## DESCRIPTION OF THE TASK
Starting with the line that has "Ilustracja przedstawia tzw." and finishing with the line that has "United States Air", set down each line below exactly. Pictures are not copied.
(Beginning of STUDY MATERIAL)
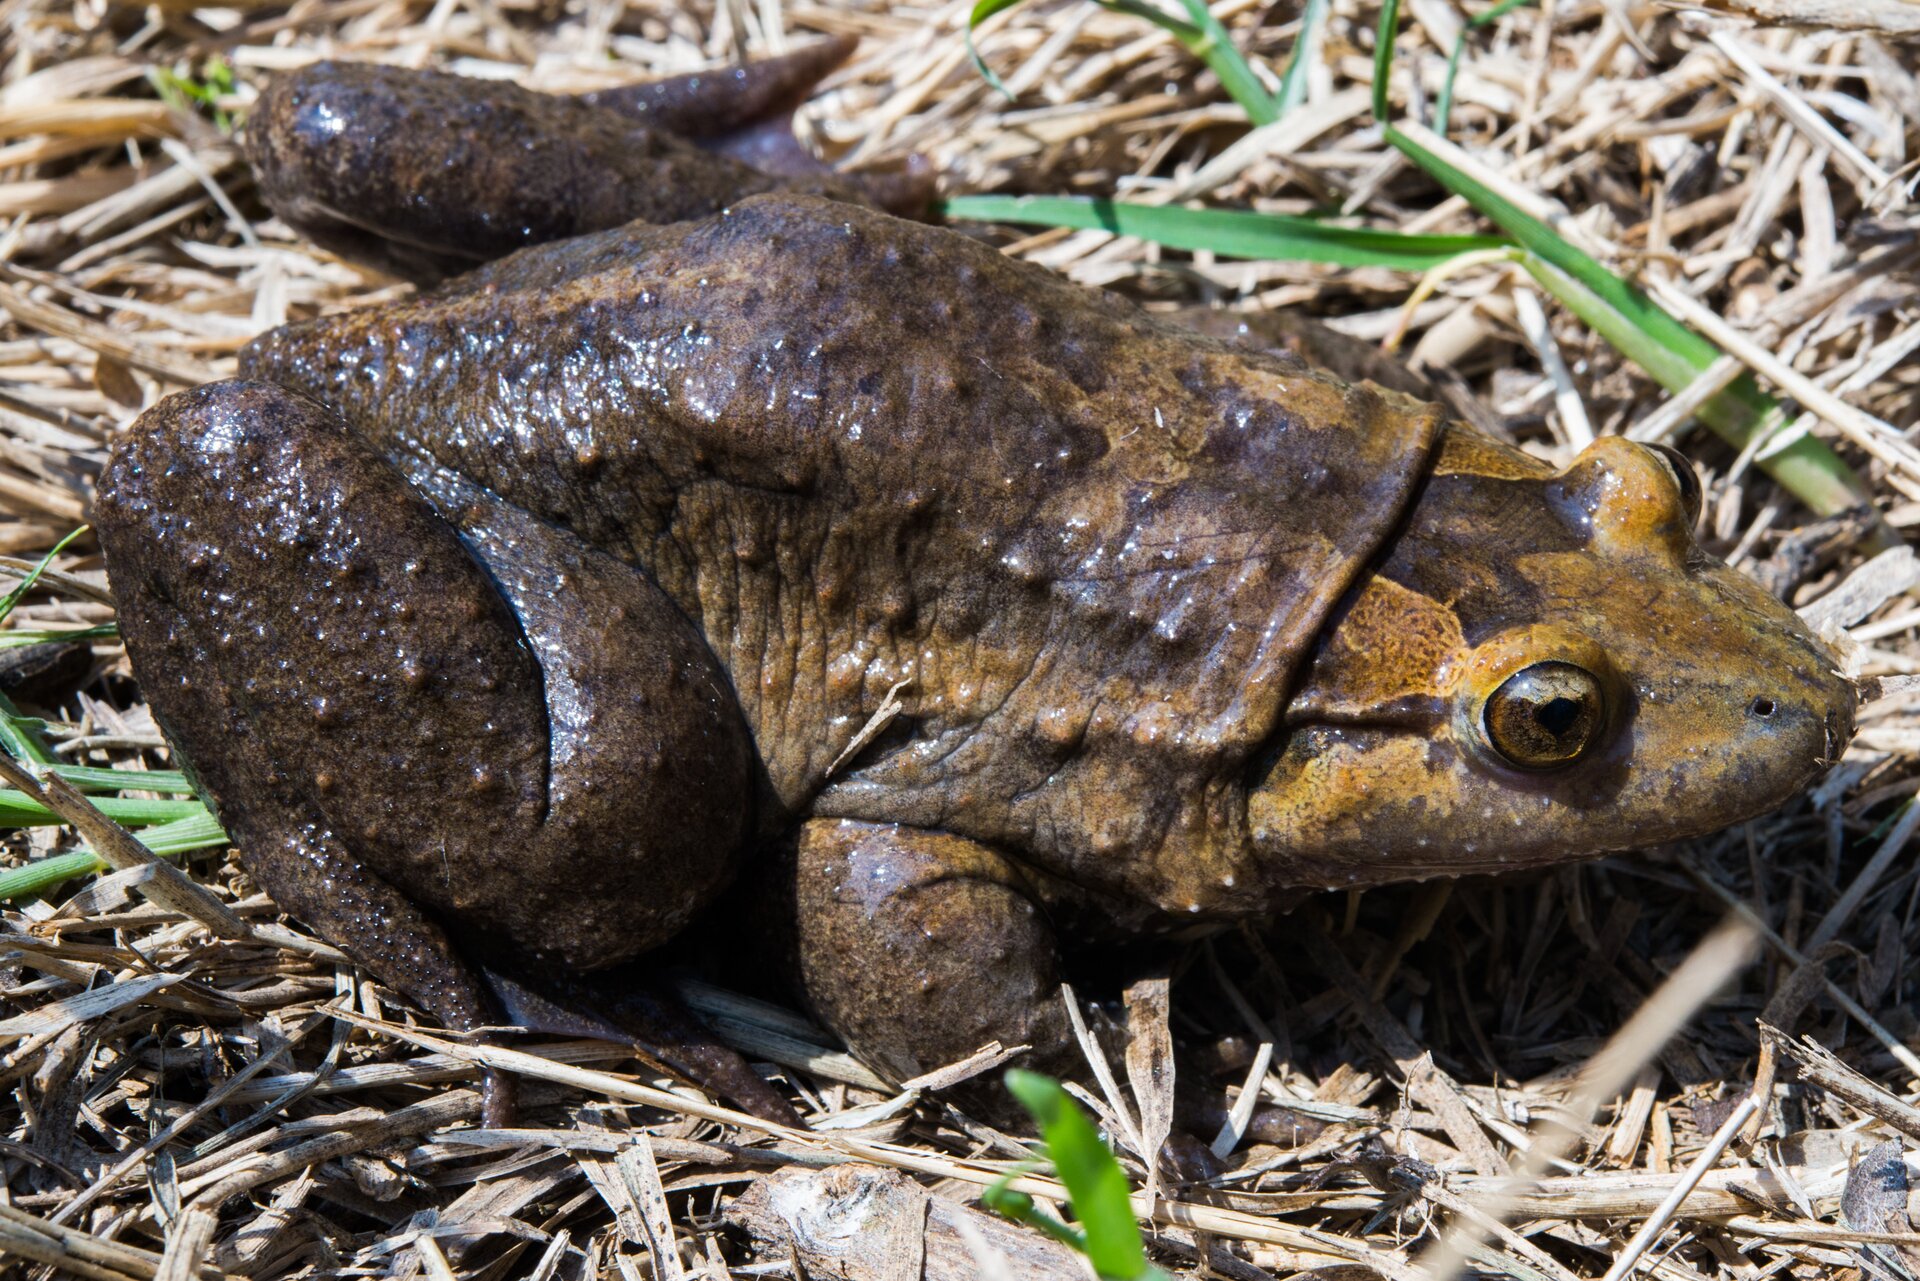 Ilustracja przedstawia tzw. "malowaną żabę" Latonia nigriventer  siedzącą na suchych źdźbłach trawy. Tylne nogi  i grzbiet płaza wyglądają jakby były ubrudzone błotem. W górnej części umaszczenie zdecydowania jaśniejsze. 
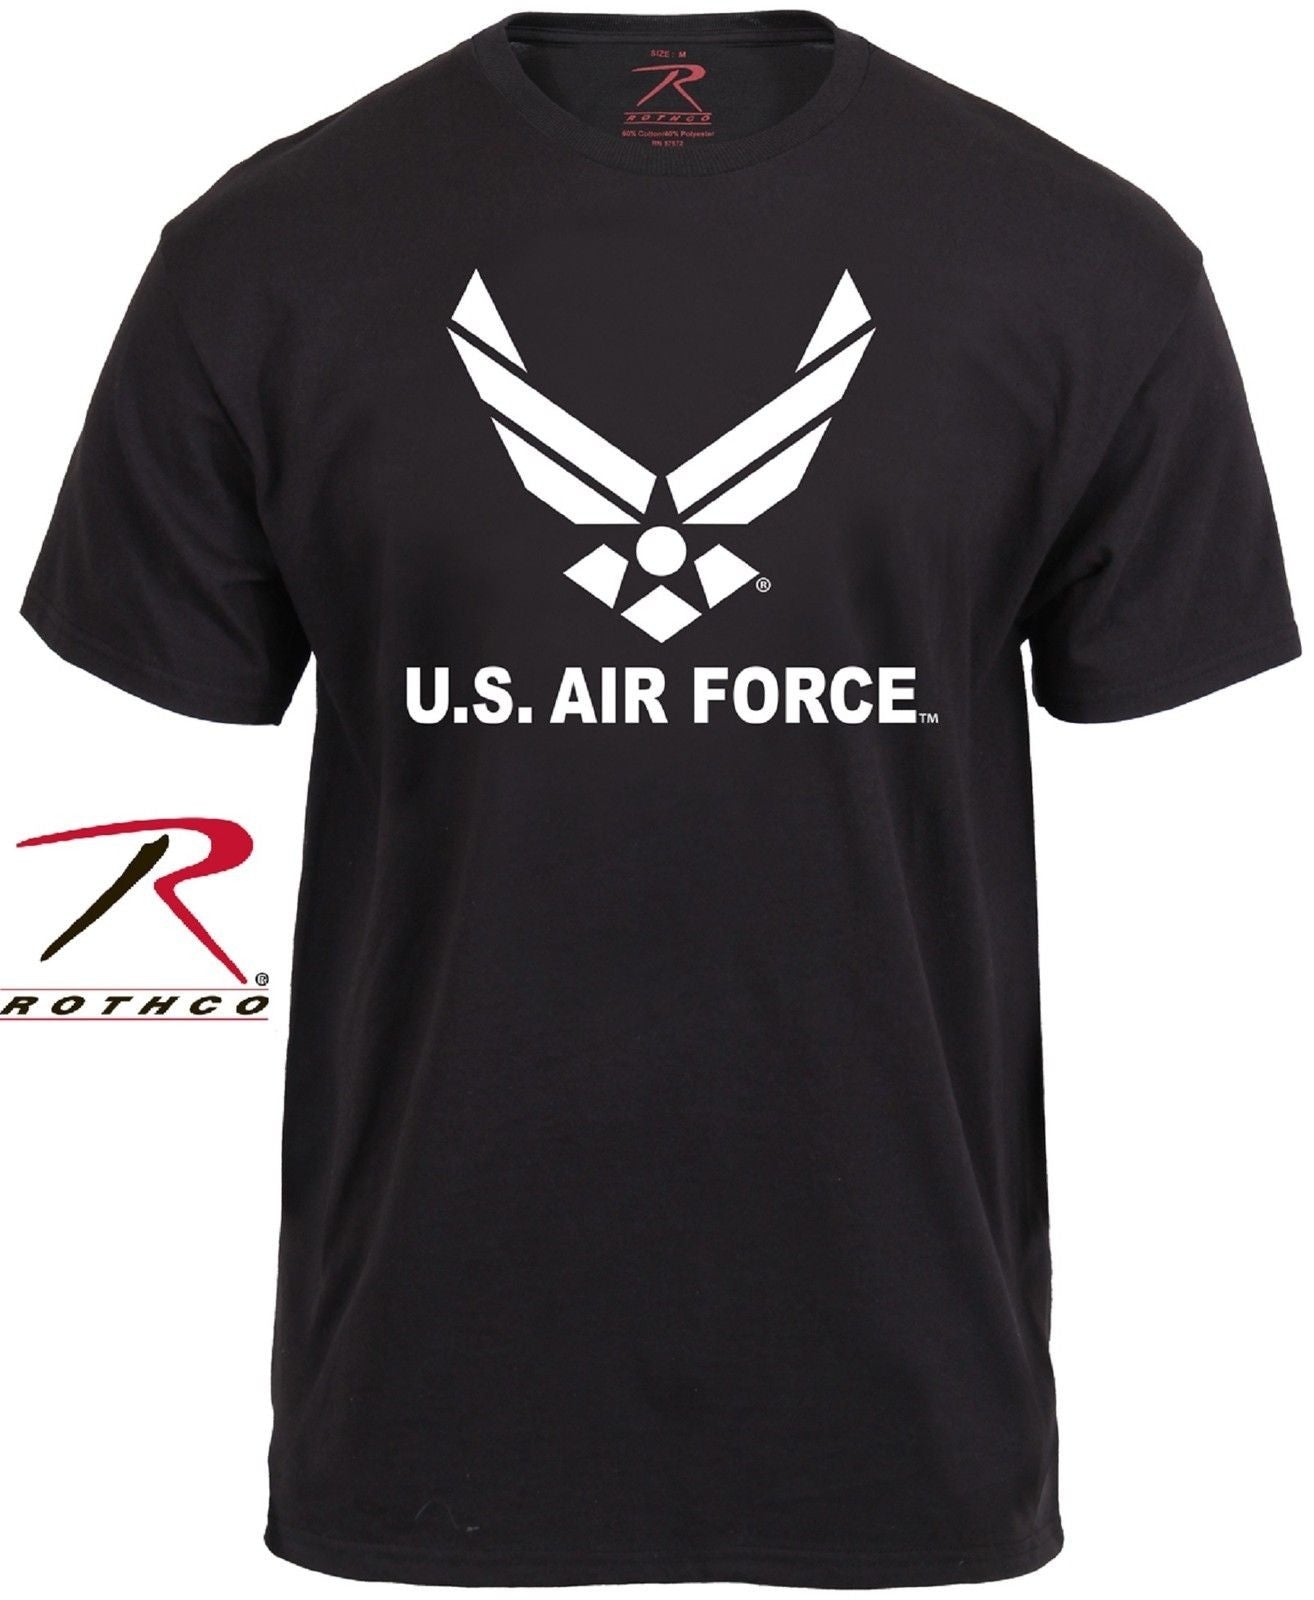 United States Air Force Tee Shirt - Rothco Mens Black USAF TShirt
(End of STUDY MATERIAL)
(Beginning of STUDY MATERIAL)
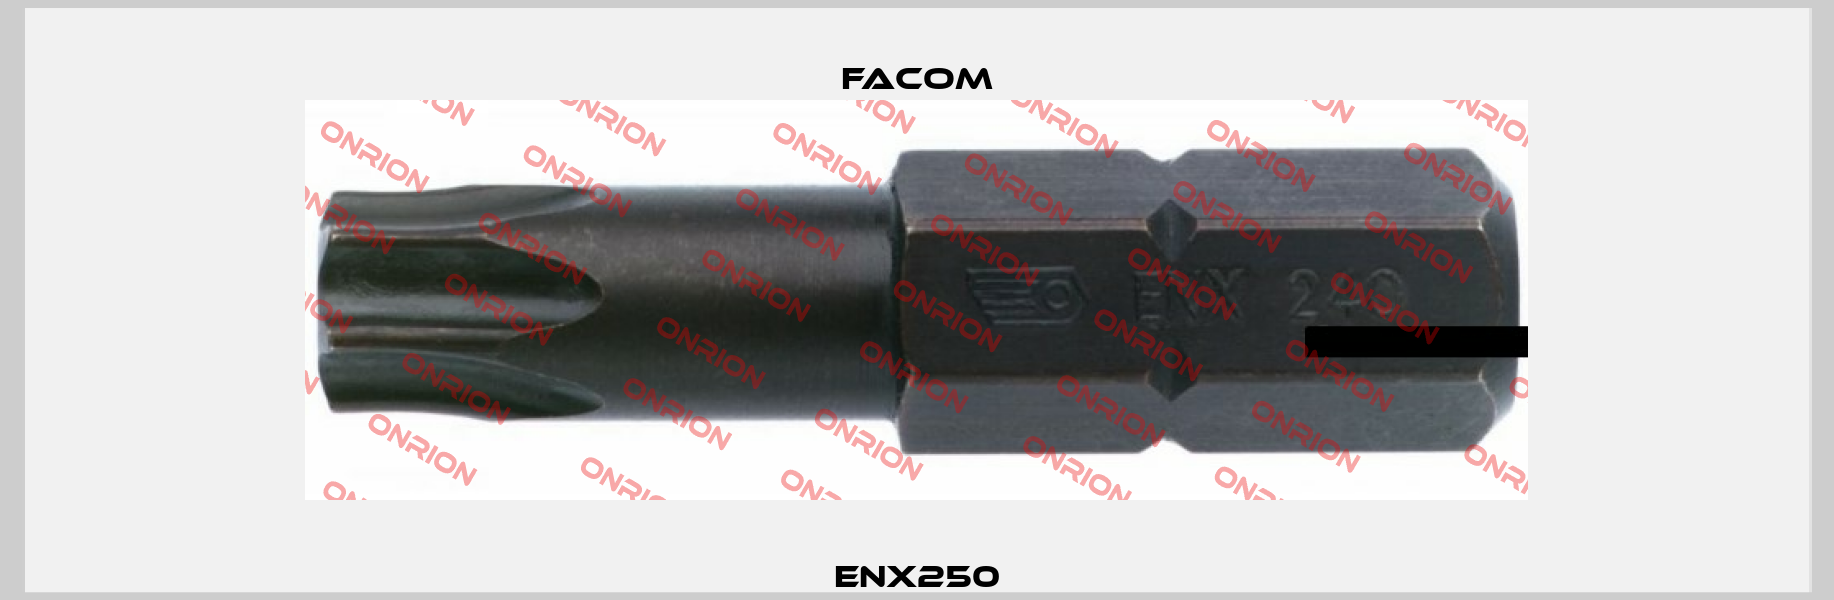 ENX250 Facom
(End of STUDY MATERIAL)
(Beginning of STUDY MATERIAL)
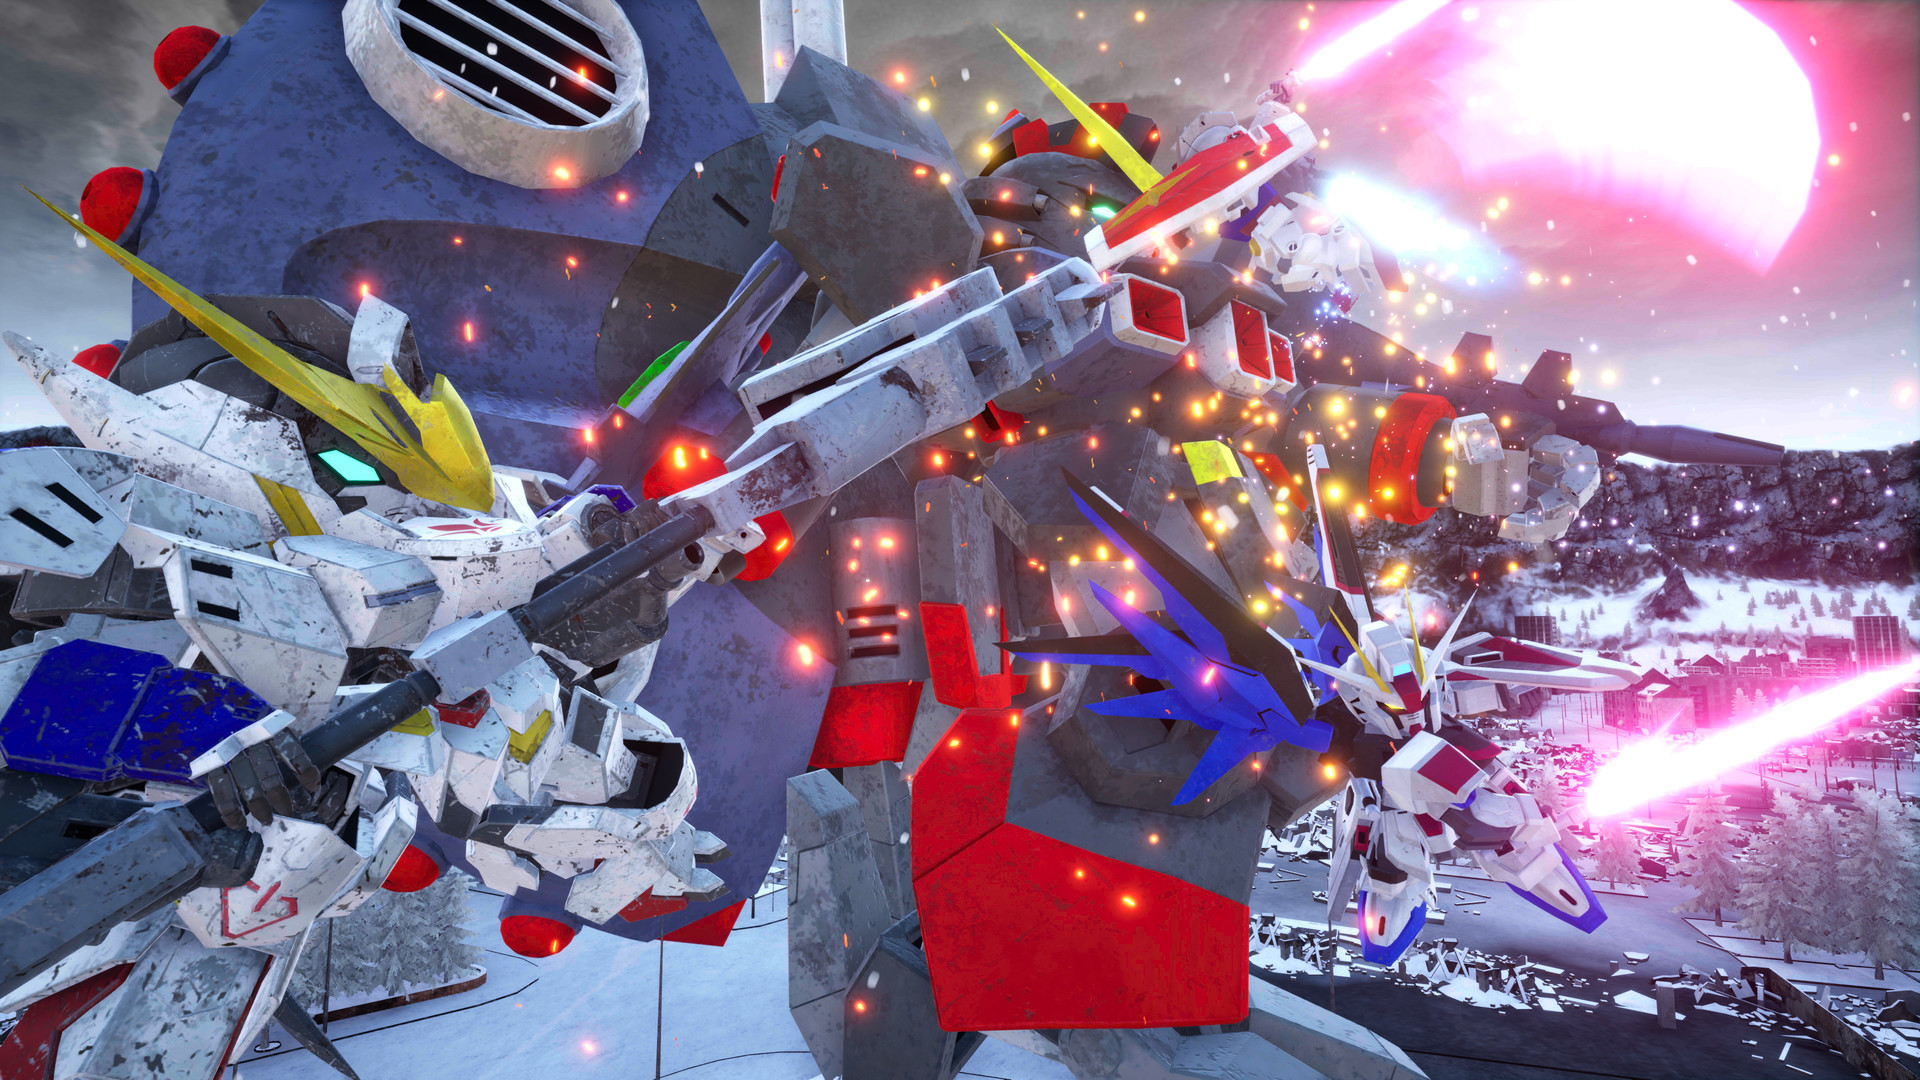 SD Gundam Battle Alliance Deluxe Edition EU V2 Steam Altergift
(End of STUDY MATERIAL)
## ANSWER SPACE
 Ilustracja przedstawia tzw. "malowaną żabę" Latonia nigriventer  siedzącą na suchych źdźbłach trawy. Tylne nogi  i grzbiet płaza wyglądają jakby były ubrudzone błotem. W górnej części umaszczenie zdecydowania jaśniejsze. 
 United States Air Force Tee Shirt - Rothco Mens Black USAF TShirt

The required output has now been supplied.